There are many ways to manage your computers/infrastructure. One is to back everything up, use RAID disk arrays, expensive redundant systems, hotswap VM technology, etc. The idea is that the server or system never goes down. The problem with this approach is there are many more failure modes than a disk or hardware failure. An admin could accidentally delete some files (oops, that is not where I meant to run rm -rf
, etc). Hackers could get in and then you have no choice but to rebuild to be sure the system is clean. Operating systems rot over time (some more than others). The more complex a system is, the more failure points there are – even if you have redundancy.

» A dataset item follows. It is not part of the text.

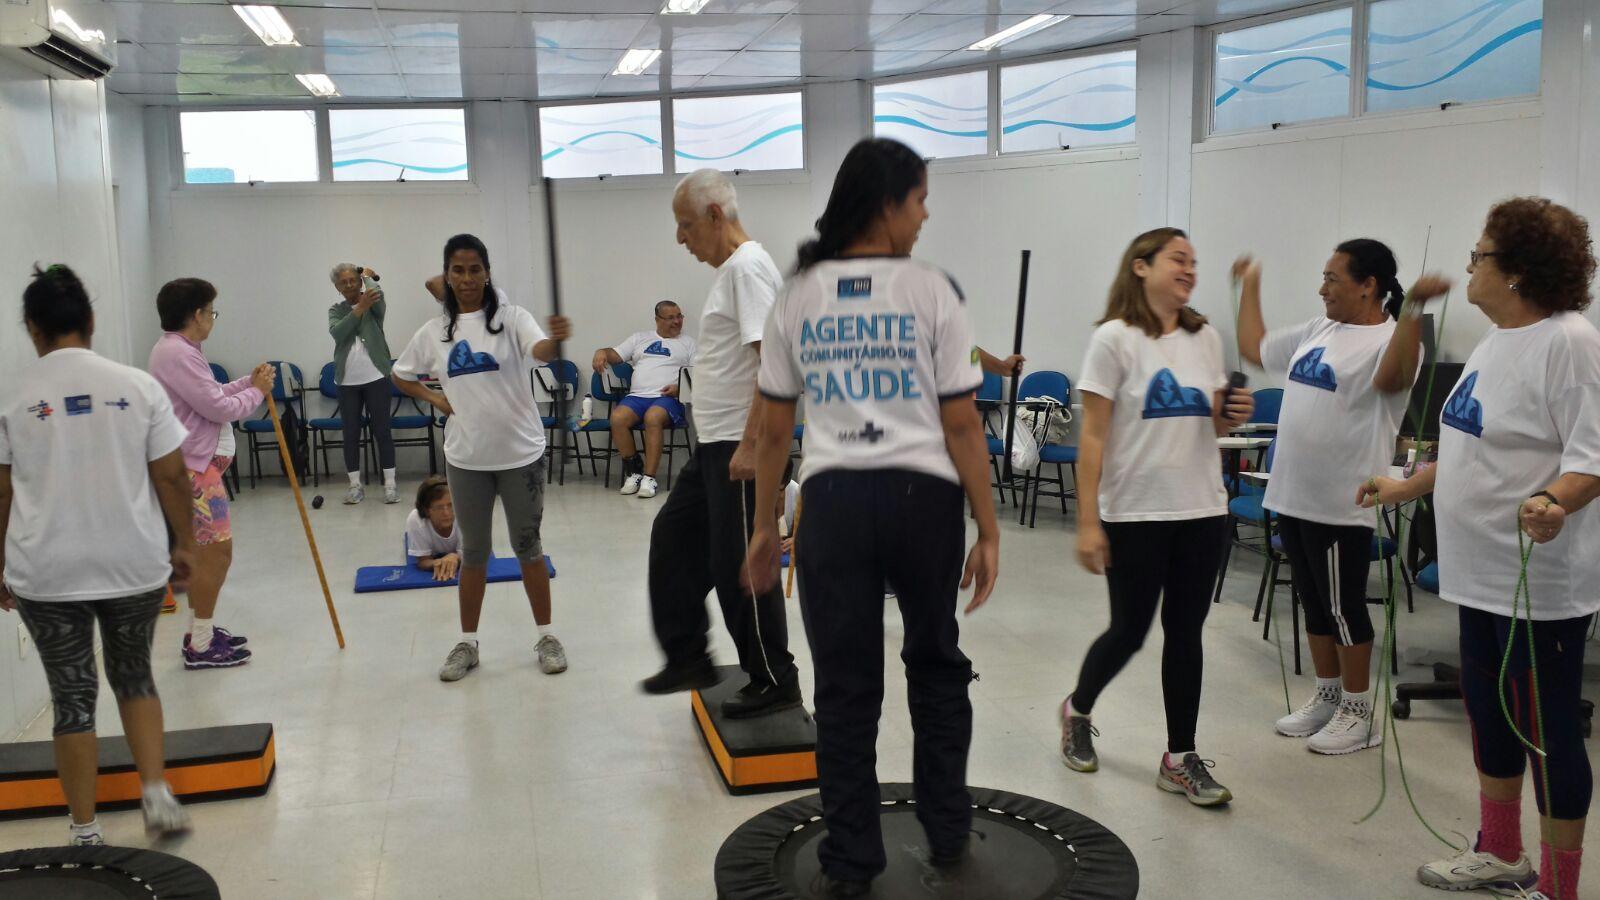 Circuito Na Academia : Aula de circuito com a academia carioca clínica da família nildo

The alternative is to design for complete system failure. Most applications can tolerate a couple hours of downtime if it is rare. So an alternative approach is to keep things simple and focus on automating installation/configuration and only backing up data. The idea is to be in a state where you can rebuild any system in a reasonably short amount of time. One of the side benefits of this is it forces you to completely document your installation process. If you have a “golden” machine where the entire system is redundant and backed up, you tend to get sloppy. Tweaks and hacks are made over time, and how the machine has gotten to the point, nobody knows. A rebuild of the entire system could take weeks. Alternatively, if you script the installation with Ansible, a rebuild can be as quick as 30 minutes. For most applications, you don’t need redundancy for the base system. It only add complexity and headache. A cheap physical or cloud server can easily serve 100’s of users. Why worry about complex setups (RAID configuration, redundant VMs, DB clusters, etc) … keep it simple – keep it clean, and focus your time and energy on things that bring real value to your organization.
Backup data, not systems.